The symmetry of this expression underscores that the Legendre transformation is its own inverse (involutive).

In practical terms, given f(x), the parametric plot of xf'(x) − f(x) versus f '(x) amounts to the graph of g(p) versus p.

In some cases (e.g. thermodynamic potentials, below), a non-standard requirement is used, amounting to an alternative definition of f* with a minus sign,

$f(x) - f^\star(p) = xp.$

## Behavior of differentials under Legendre transforms

The Legendre transform is linked to integration by parts, pdx = d(px) − xdp.

Let f be a function of two independent variables x and y, with the differential

$df = {\partial f \over \partial x}dx + {\partial f \over \partial y}dy = pdx + vdy$ .

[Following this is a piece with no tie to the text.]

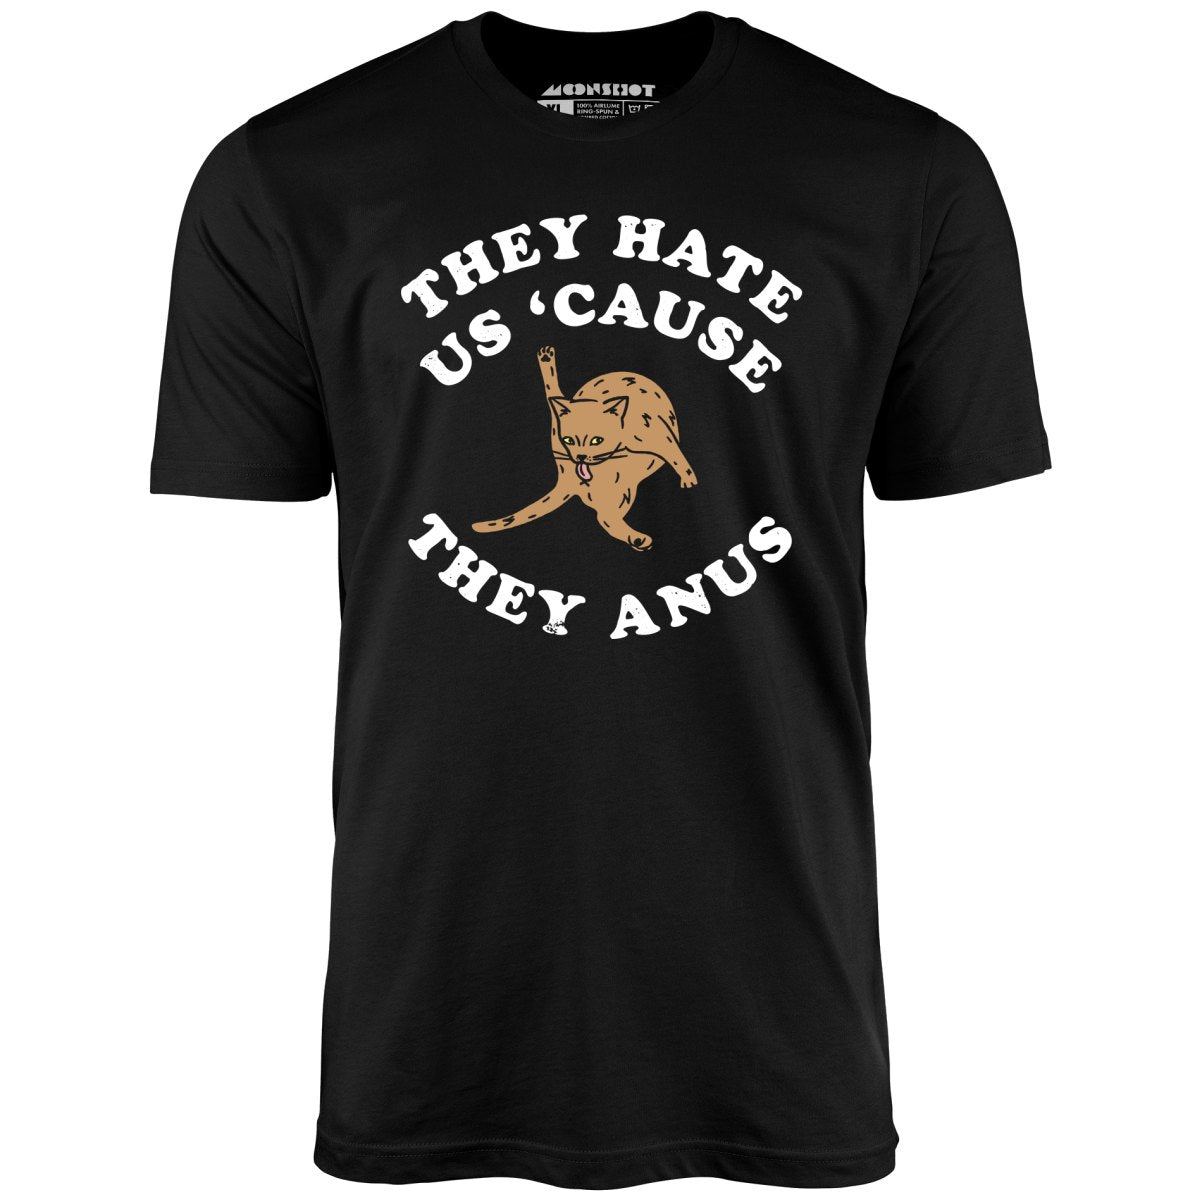 They Hate Us Cause They Anus - Unisex T-Shirt

Assume that it is convex in x for all y, so that one may perform the Legendre transform in x, with p the variable conjugate to x. Since the new independent variable is p, the differentials dx and dy devolve to dp and dy, i.e., we build another function with its differential expressed in terms of the new basis dp and dy. We thus consider the function g(p, y) = fpx so that

$dg = df - pdx - xdp = pdx + vdy - pdx - xdp = -xdp + vdy$
$x = -\frac{\partial g}{\partial p}$
$v = \frac{\partial g}{\partial y}.$

The function g(p, y) is the Legendre transform of f(x, y), where only the independent variable x has been supplanted by p. This is widely used in thermodynamics, as illustrated below.

## Applications

### Hamilton-Lagrange mechanics

A Legendre transform is used in classical mechanics to derive the Hamiltonian formulation from the Lagrangian formulation, and conversely. A typical Lagrangian has the form

$L(v,q)=\tfrac{1}2\langle v,Mv\rangle-V(q)$,

where $(v,q)$ are coordinates on Rn × Rn, M is a positive real matrix, and

$\langle x,y\rangle=\sum_jx_jy_j.$

For every q fixed, $L(v, q)$ is a convex function of $v$, while $V(q)$ plays the role of a constant.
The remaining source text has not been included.